▶ Provided data:
++++++++

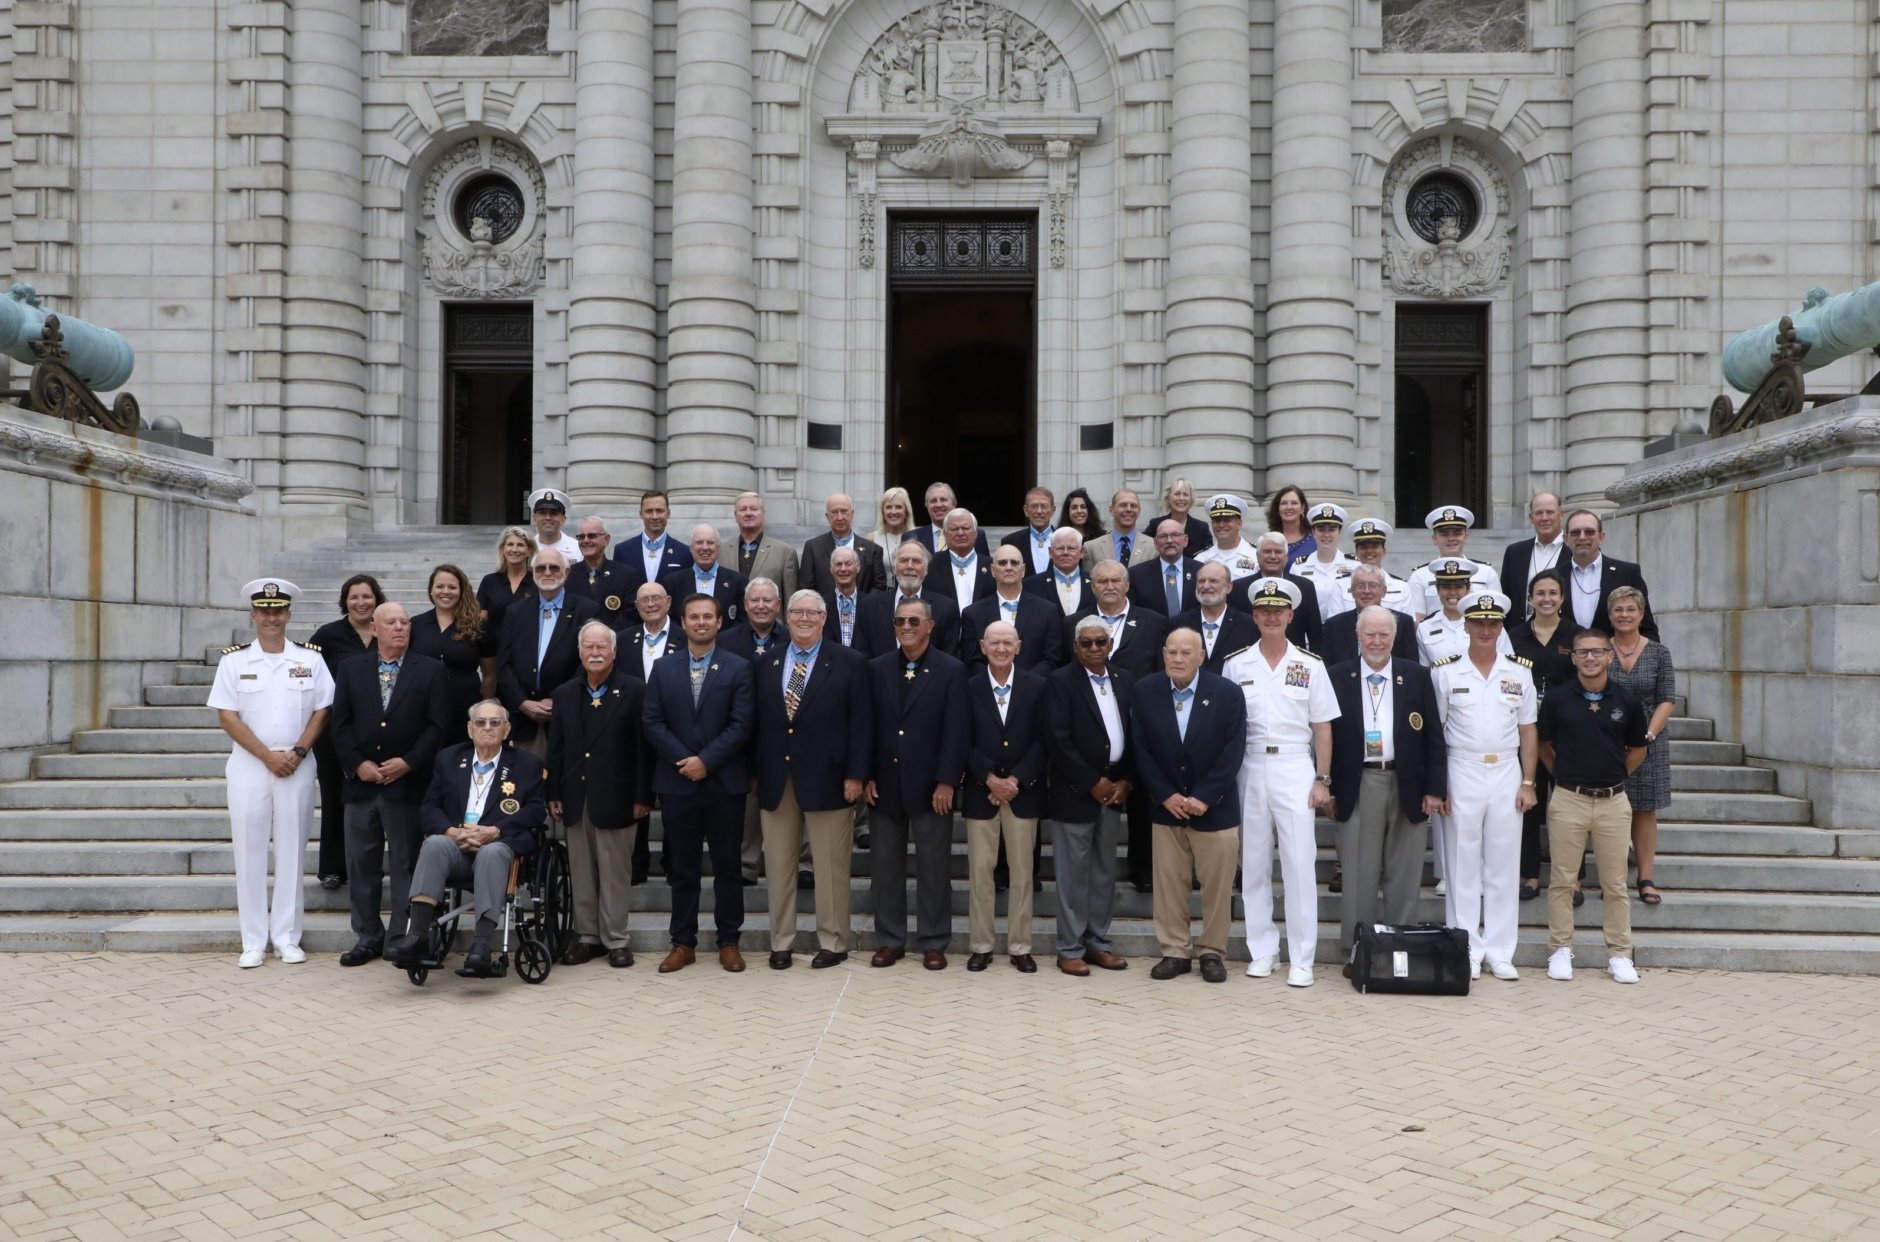 Group photo of Congressional Medal of Honor recipients gathering for their annual convention. This the first year the event is being held in Annapolis. (Courtesy Shmulik Almany/Congressional Medal of Honor Society)
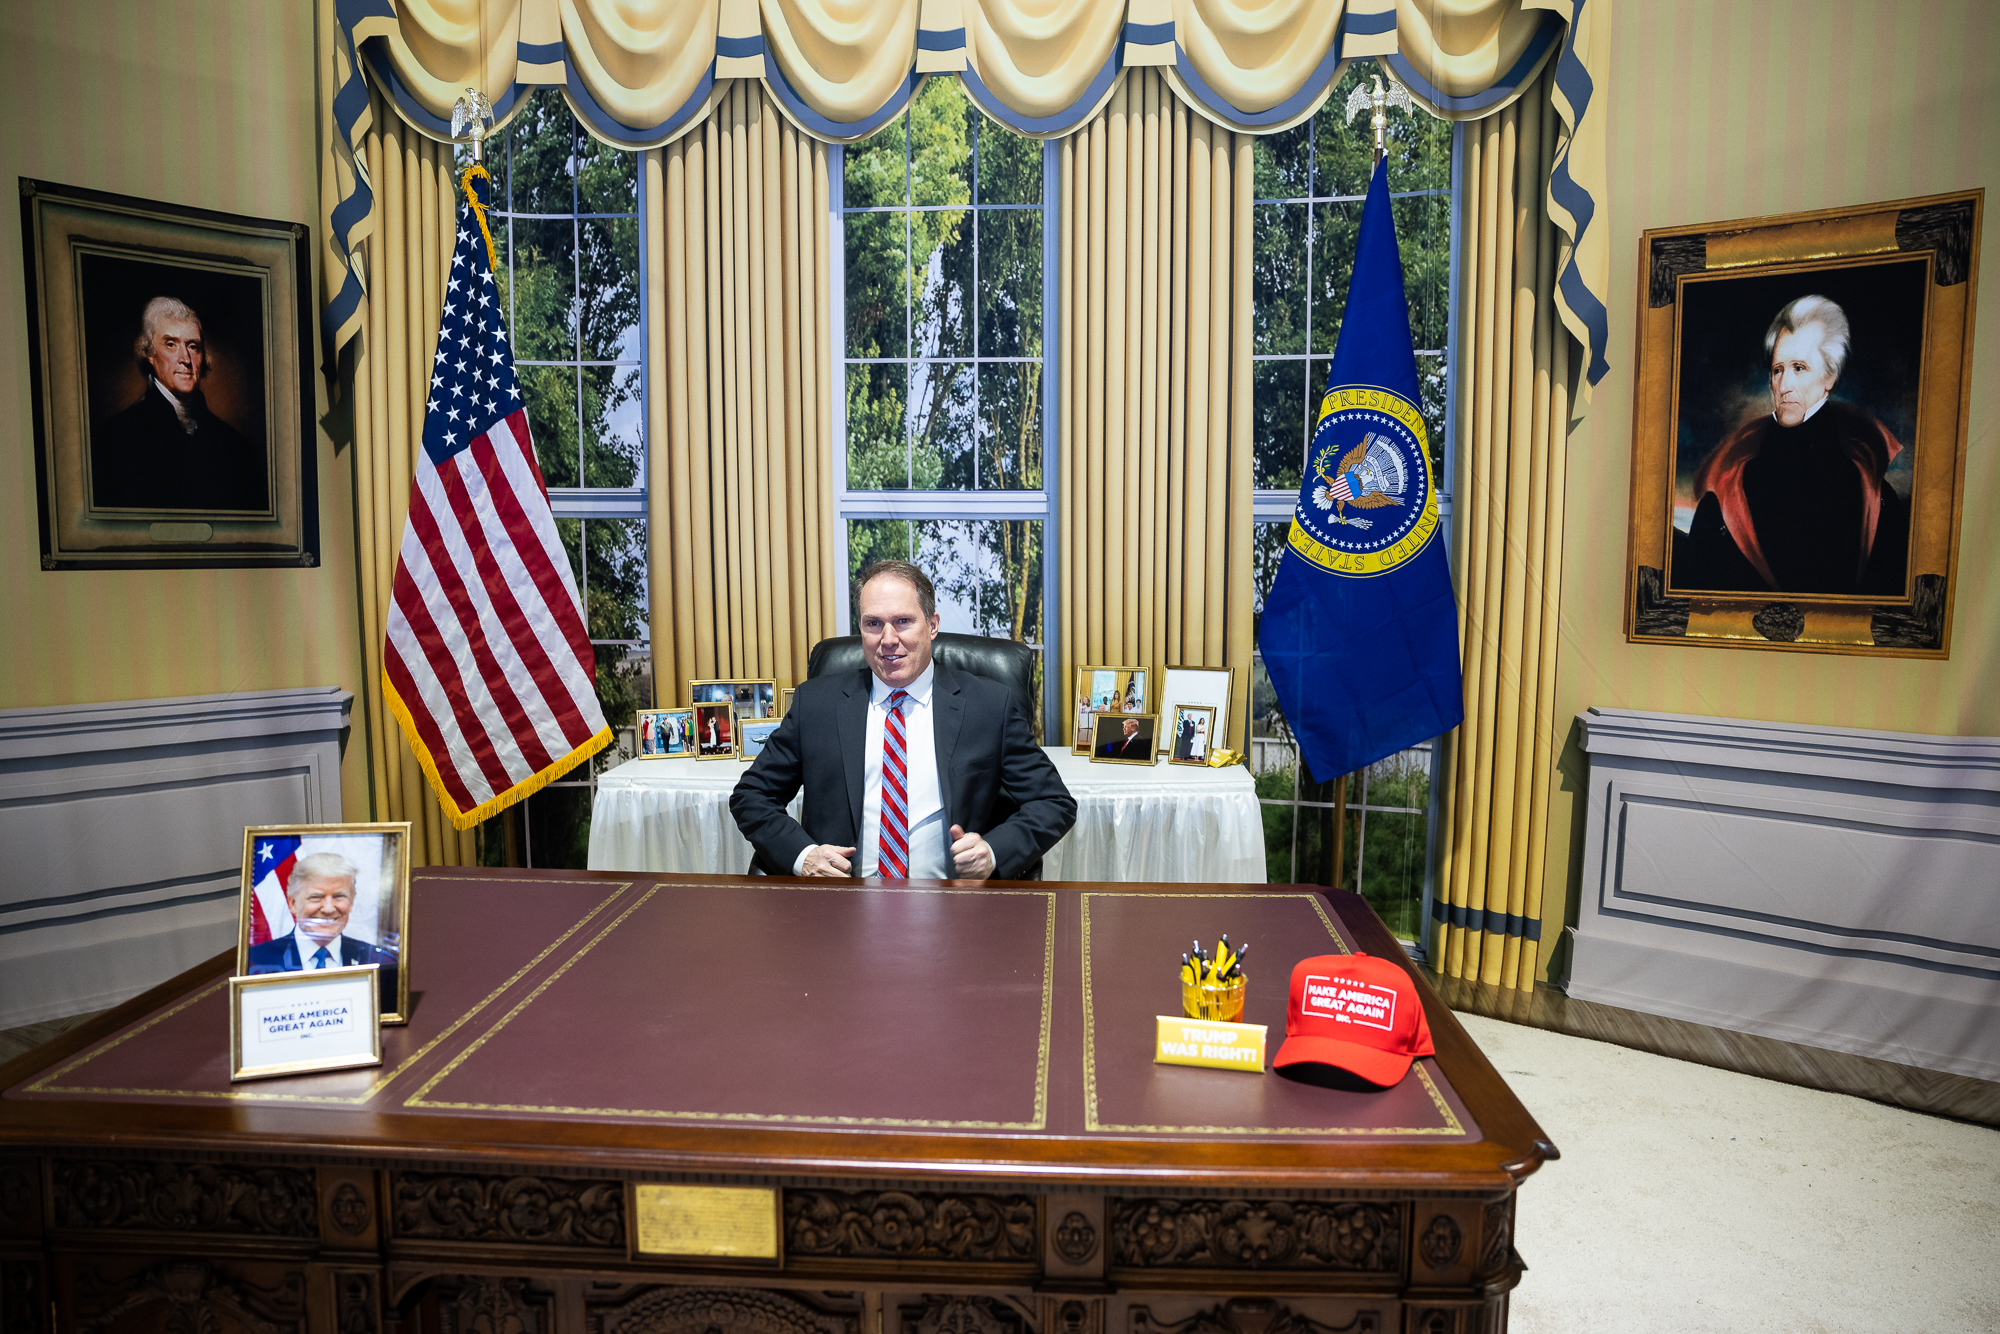 Former White House policy advisor Robert Bowes took a seat in a replica of the Trump Oval Office.
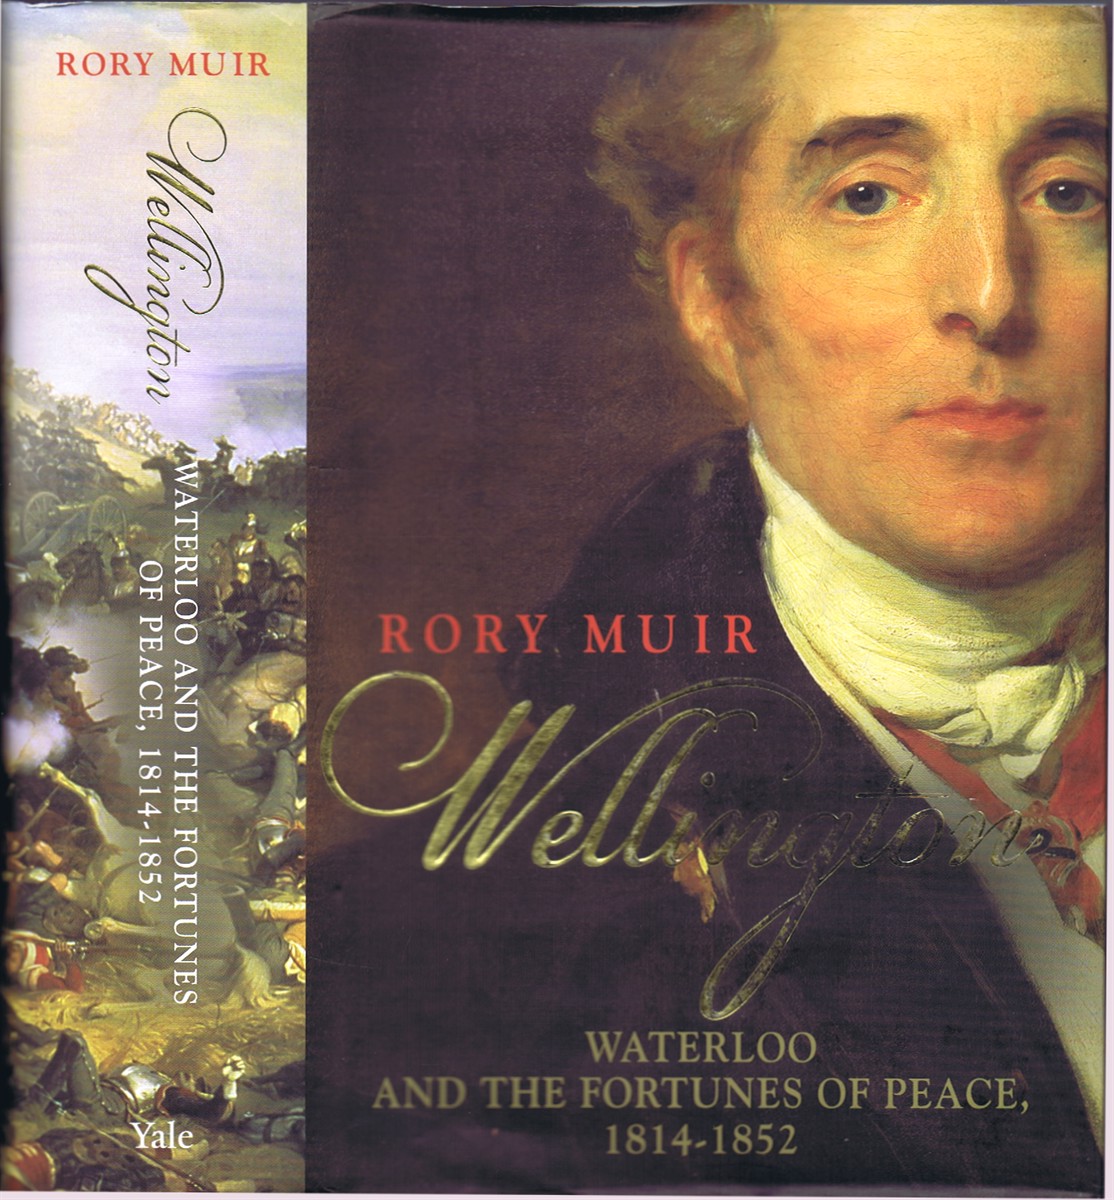 MUIR, RORY - Wellington: Waterloo and the Fortunes of Peace, 1814-1852 (Volume 2)

++++++++

▶ Work order: Exclude the images and output the lines above exactly.

▶ Solved exercise:
 Group photo of Congressional Medal of Honor recipients gathering for their annual convention. This the first year the event is being held in Annapolis. (Courtesy Shmulik Almany/Congressional Medal of Honor Society)
 Former White House policy advisor Robert Bowes took a seat in a replica of the Trump Oval Office.
 MUIR, RORY - Wellington: Waterloo and the Fortunes of Peace, 1814-1852 (Volume 2)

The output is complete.